Ordinary Least Squares (OLS) finds \(\hat{\beta}_0\) and \(\hat{\beta}_1\) that minimize the sum of squared residuals:

\[\text{SSE} = \sum_{i=1}^n (y_i - \hat{\beta}_0 - \hat{\beta}_1 x_i)^2\]

Taking derivatives and setting them to zero gives the closed-form estimators:

\[\hat{\beta}_1 = \frac{\sum_{i=1}^n (x_i - \bar{x})(y_i - \bar{y})}{\sum_{i=1}^n (x_i - \bar{x})^2} = r_{xy} \cdot \frac{S_y}{S_x}\]

\[\hat{\beta}_0 = \bar{y} - \hat{\beta}_1 \bar{x}\]

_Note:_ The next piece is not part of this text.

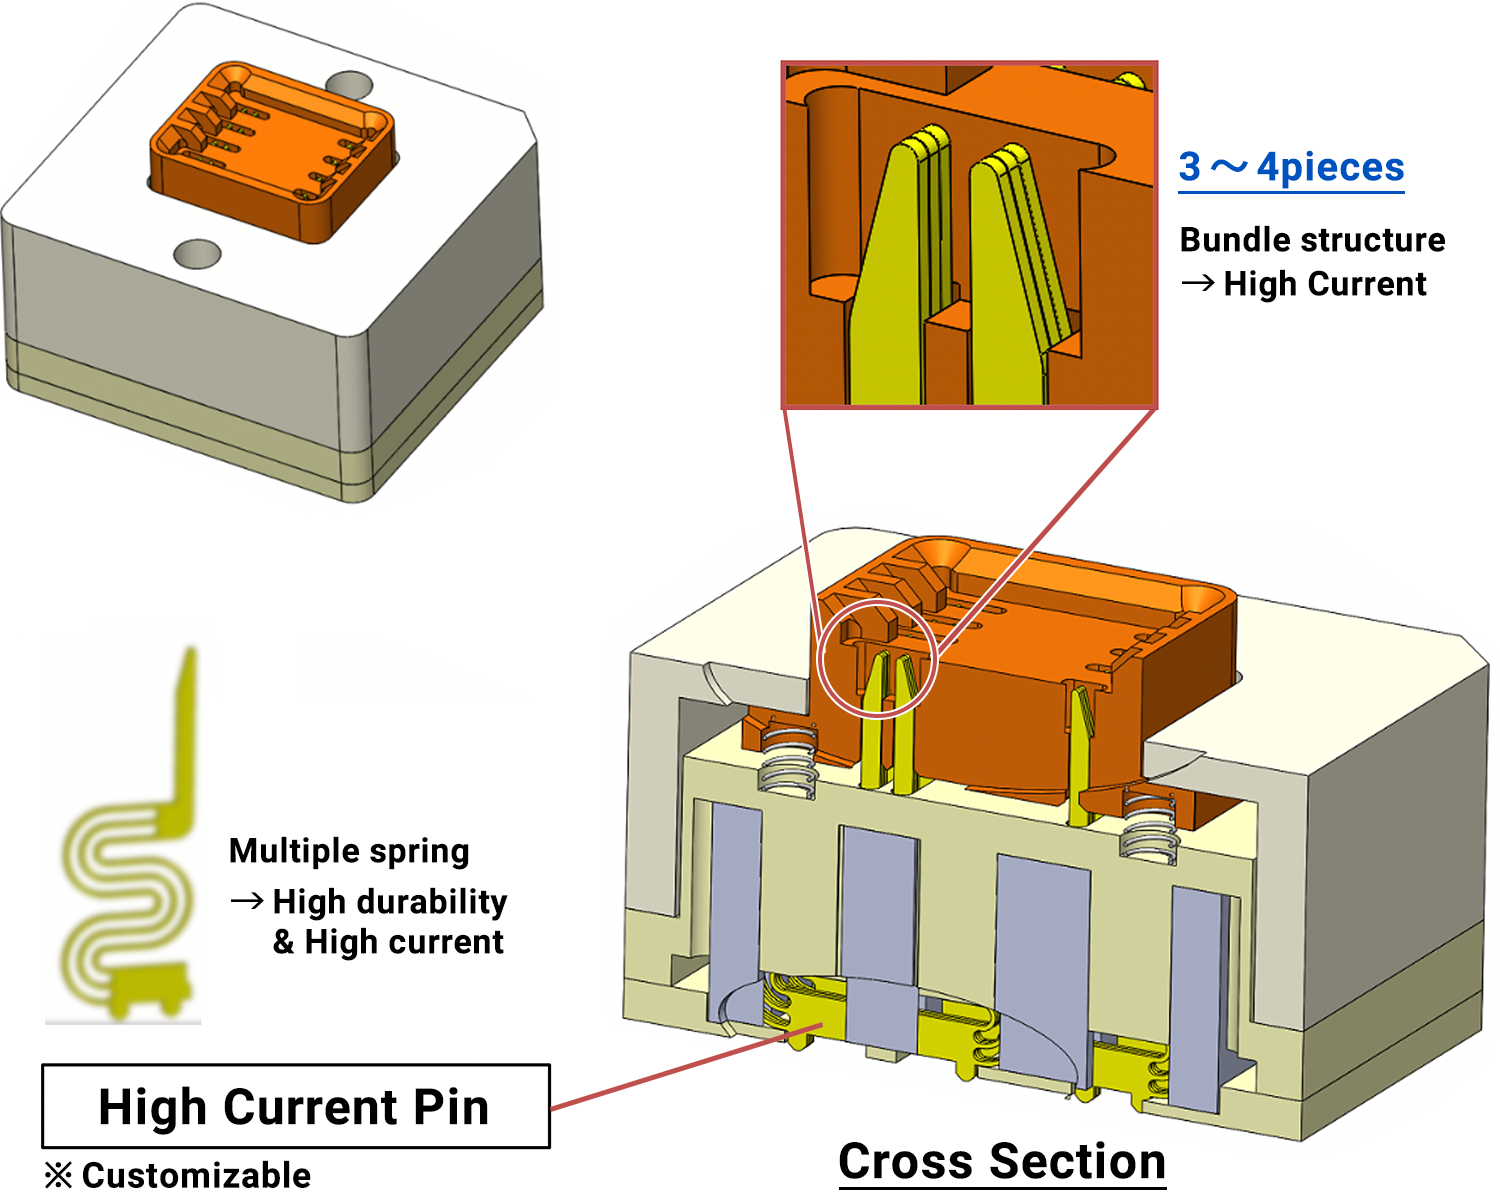 Test Sockets for Power IC / Multiple spring and Bundle Structure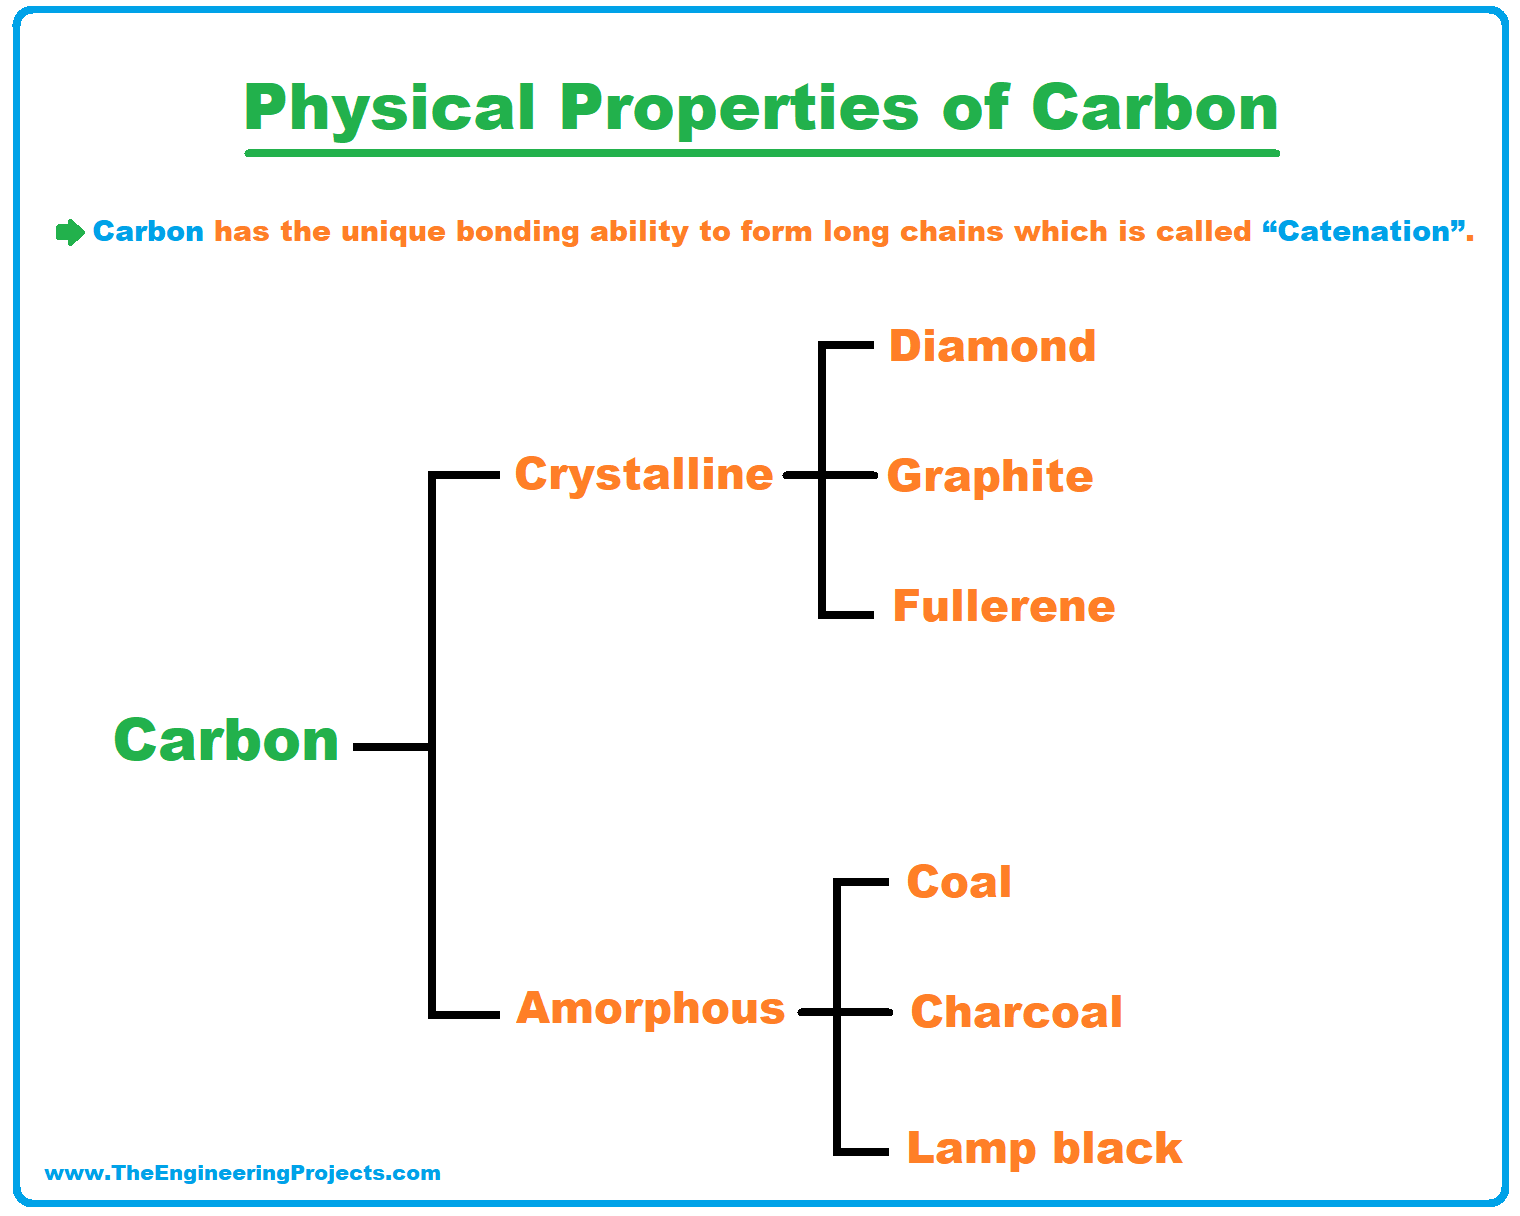 History of Periodic Table, Periodic Table, periodic table deifnition, periodic table group14, group14 of periodic table, carbon family, periodic table trends, physical properties of carbon

where \(r_{xy}\) is the Pearson correlation, \(S_y\) and \(S_x\) are the sample standard deviations. The regression line always passes through the point of means \((\bar{x}, \bar{y})\).

The connection with correlation: \(\hat{\beta}_1 = 0\) iff \(r_{xy} = 0\). Testing \(H_0: \beta_1 = 0\) is equivalent to testing \(H_0: \rho = 0\).

Example: advertising spend and sales

A company tracks weekly TV advertising spend (thousands of €) and weekly sales (thousands of units) over 50 weeks.

Scatter plot of advertising spend vs sales with fitted regression line and confidence band

Each additional €1,000 of TV advertising is associated with approximately 1.79 thousand extra units sold. The intercept (9.76) represents baseline sales with zero advertising. $R^2 = $ 0.909 means 90.9% of the variation in sales is explained by advertising spend.

Goodness of fit: R²

\(R^2\) measures the proportion of variance in \(y\) explained by the model:

\[R^2 = 1 - \frac{\text{SSE}}{\text{SST}} = 1 - \frac{\sum(y_i - \hat{y}_i)^2}{\sum(y_i - \bar{y})^2}\]

\(R^2 \in [0,1]\). An \(R^2\) of 0.70 means 70% of the variance in \(y\) is explained by \(x\); the remaining 30% is unexplained noise. In simple linear regression, \(R^2 = r_{xy}^2\).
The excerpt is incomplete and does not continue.